Supercomputing at the Edge Takes Wing at SC14 Show in New Orleans

by George Millington

There’s nothing remotely like it at the SC14 supercomputing show in New Orleans.

A supercomputer the size of a window air-conditioning unit, it glows an otherworldly orange. And it points the way to the future of supercomputing at the edge of the network, that is, the point where data gets generated.

That’s a future where every mobile-phone cell tower instantly processes data as it’s being uploaded or downloaded. A future where  a compact cluster on a drone or airplane instantly analyzes data on weather, troop movements or the impact of a natural disaster – without the plane needing to return to base to download its findings.

Orange Silicon Valley has built a compact supercomputer using NVIDIA Tegra K1 mobile processors.

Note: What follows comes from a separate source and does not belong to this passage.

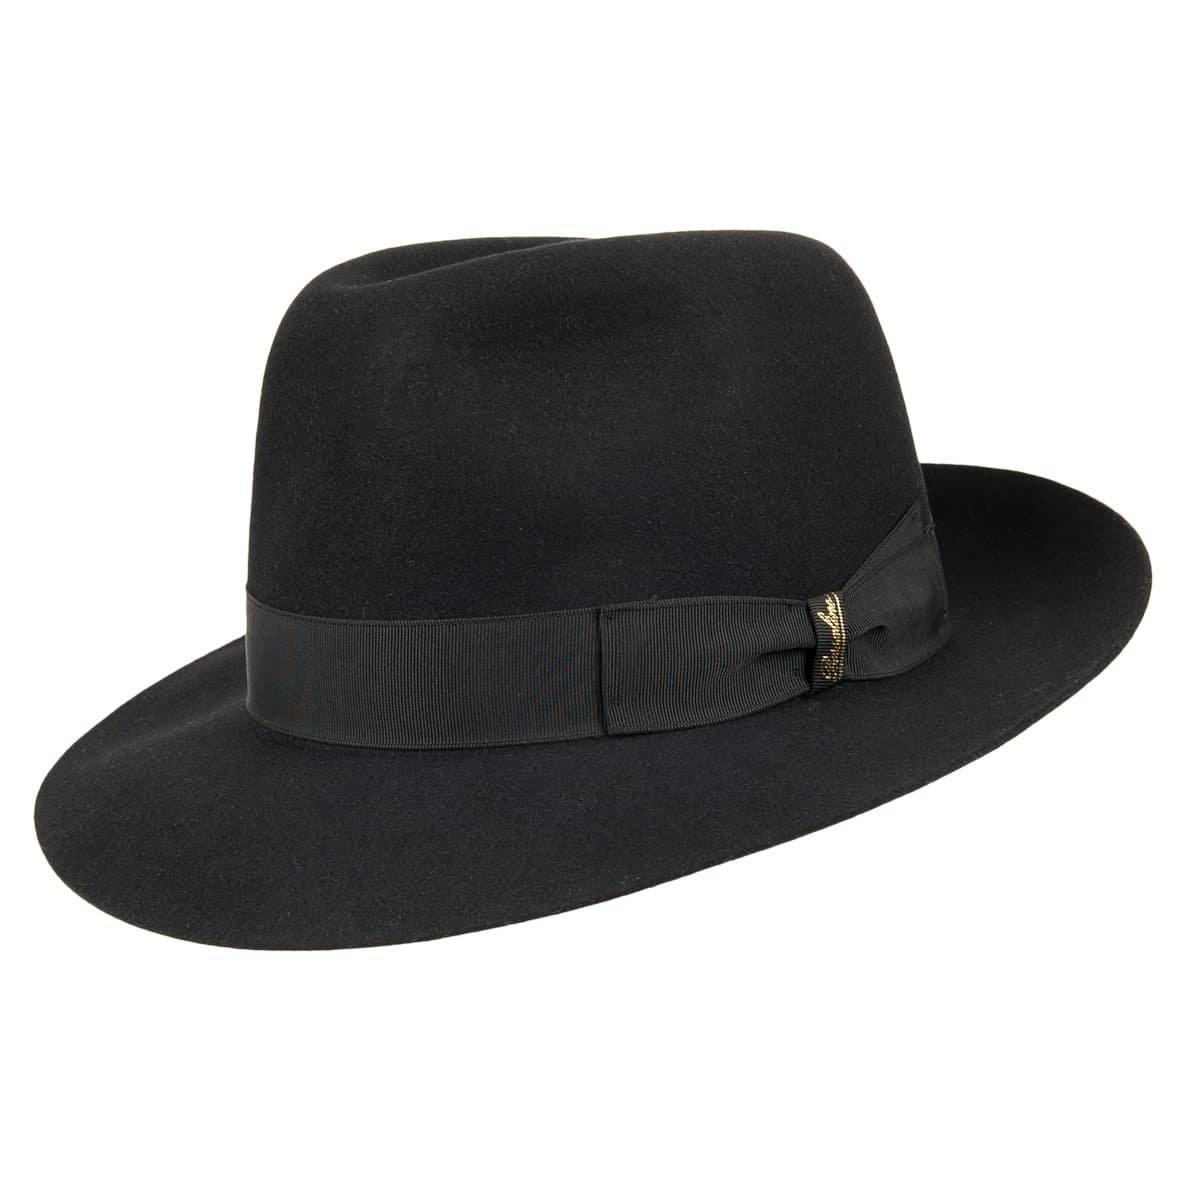 Cappello BORSALINO classico in feltro di lapin ... 310e98daa27f

“Think of this as landscape computing,” said Soumik Sinharoy, of Orange Silicon Valley, the innovation arm of telecoms giant Orange, which has developed the system together with Silicon Valley startup Reneo, and Echostreams, a systems platform provider. “This is computing on the very edge of the network, where the data’s being collected, even if it’s being collected far away.”

At the system’s heart are 96 NVIDIA Jetson TK1 embedded-computing development kits, built on  NVIDIA Tegra K1, the world’s fastest mobile processor. The processor’s GPU is based on NVIDIA’s Kepler architecture, which is used in many of the world’s fastest supercomputing clusters that are the focus of the annual supercomputing conference.

This system can offer one petaflop of computing power per standard rack outfitted with 4,000 TK1s per rack unit. And it can provide twice the efficiency of the world’s top supercomputer, China’s Tinanhe-2, when upgraded with ultra-low latency RapidIO fabric. That joins multiple nodes at up to 16 gigabytes a second, with far greater speed and efficiency than enabled by PCI Express or Ethernet technologies.

Orange, along with Reneo, showed a demonstration of image-classification using deep learning running in near real time on the GPU cores in the Tegra K1 processors. This kind of high-performance, compact image classification system could one day be a standard for mobile supercomputing.

The system’s ability to process one terabyte of data in under six minutes is enabled by a robust parallel runtime environment, plus a hardware stack comprising 96 terabytes of POSIX-compliant parallel storage, 30 teraflops  of peak computing capability and a cross-section bandwidth of 96 gigabytes a second. And it consumes less than 1,400 watts of power—about that of a window-fit air conditioning unit.

Jag Bolaria, an analyst at the Linley Group, sees huge potential for the system.

“By integrating a large volume of low-power GPUs in a server rack at scale, this industry first creates a clear path to massive cloud-based clusters for analytics and gaming. This achievement means developing large clusters with low latency and massive scalability is finally possible. This architecture delivers—in an energy- and latency-efficient manner—remarkable computing horsepower ….” he said.